Fit Of The Wobbles
Bad, Bad, Bad! What made me do it!? How could you have sat there and let it happen readers? I've now managed to trough my way through 3 extra large, sconey cakes of darkness in 24 hours and with only 3 days to go before the big race. I'm not quite sure what drove me to it but it's a slippery slope. Having relapsed once I then noshed 7 chocolate biscuits at work today and to top it all; a walnut whip on the way home. I just keep wondering whether it was all really worth it...
To add to my turmoil M commented tonight that perhaps I shouldn't race at the weekend. I'm sort of thrown, not sure where that curve ball came from but I didn't react well and feel suspicious that my eating is already showing visible signs. Perhaps this is M's subtle hint that I might want to lay off the snacks for a while.
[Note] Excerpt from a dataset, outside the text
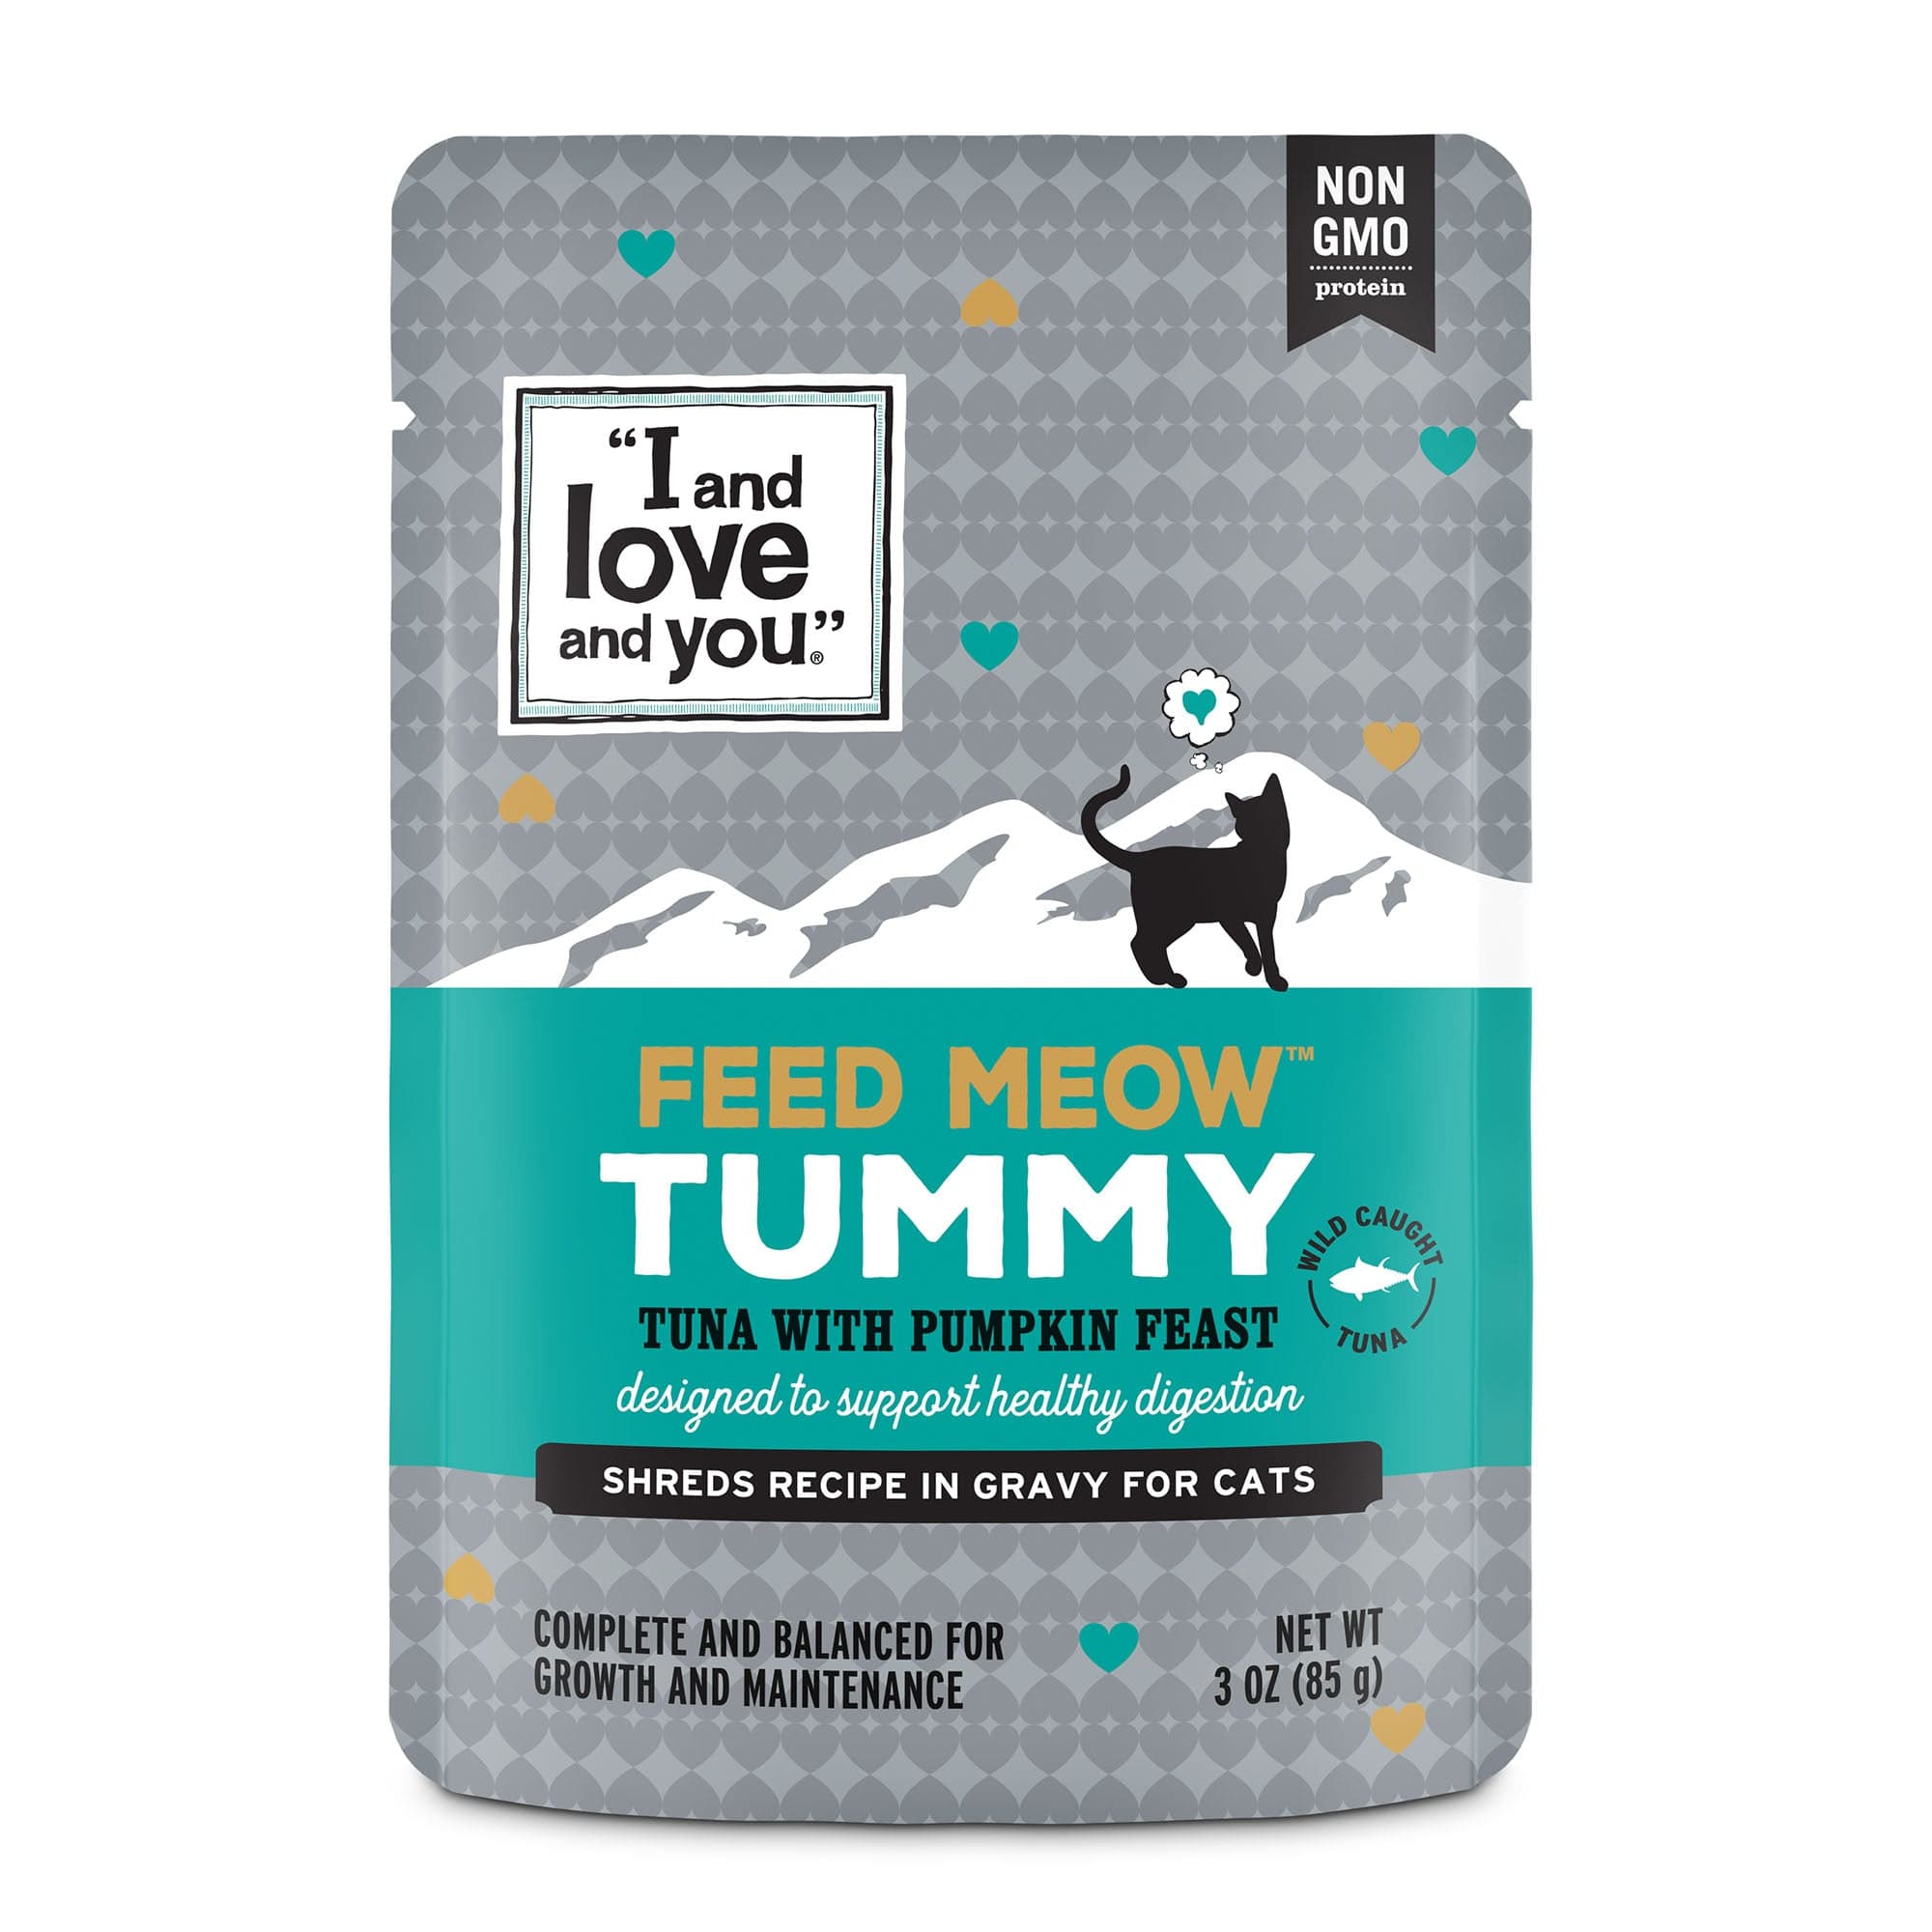 Feed Meow Tummy cat food package with a black cat and a label.

Seriously though, my reaction surprised me and has made me start thinking about why I'm racing this event in the first place. I don't think I've ever considered not running a race that I've entered, despite how painful and unpleasant the experience can be. M is possibly right, I'm feeling less than fresh than I'd like and will take a week or two to recover from it. Also have the Northern Road Relays to turn out for the following week which will no doubt feel tough with HM tired legs. But, I'm a very stubborn old mule and feel I've committed myself. Have even compromised my training to stay fit for it. It's also the English HM Champs race this year so don't want to bottle it now as I get so few opportunities to race against the big guns. Maybe these are the situations where it's good to have a coach to step in and make the decision for you. Sometimes it's hard to step back from things and accept good advice.
Ran 5 easy tonight, looping around the village again - think I could now do this with my eyes closed. Heart rate was sky high for the first 2 miles which is a sure sign that all is not quite right. That, or I've got my strap on upside down. Anyway, will try to chill for the next couple of days and continue to run easy. And of course, curtail the excessive scoffing, at least until Sunday night.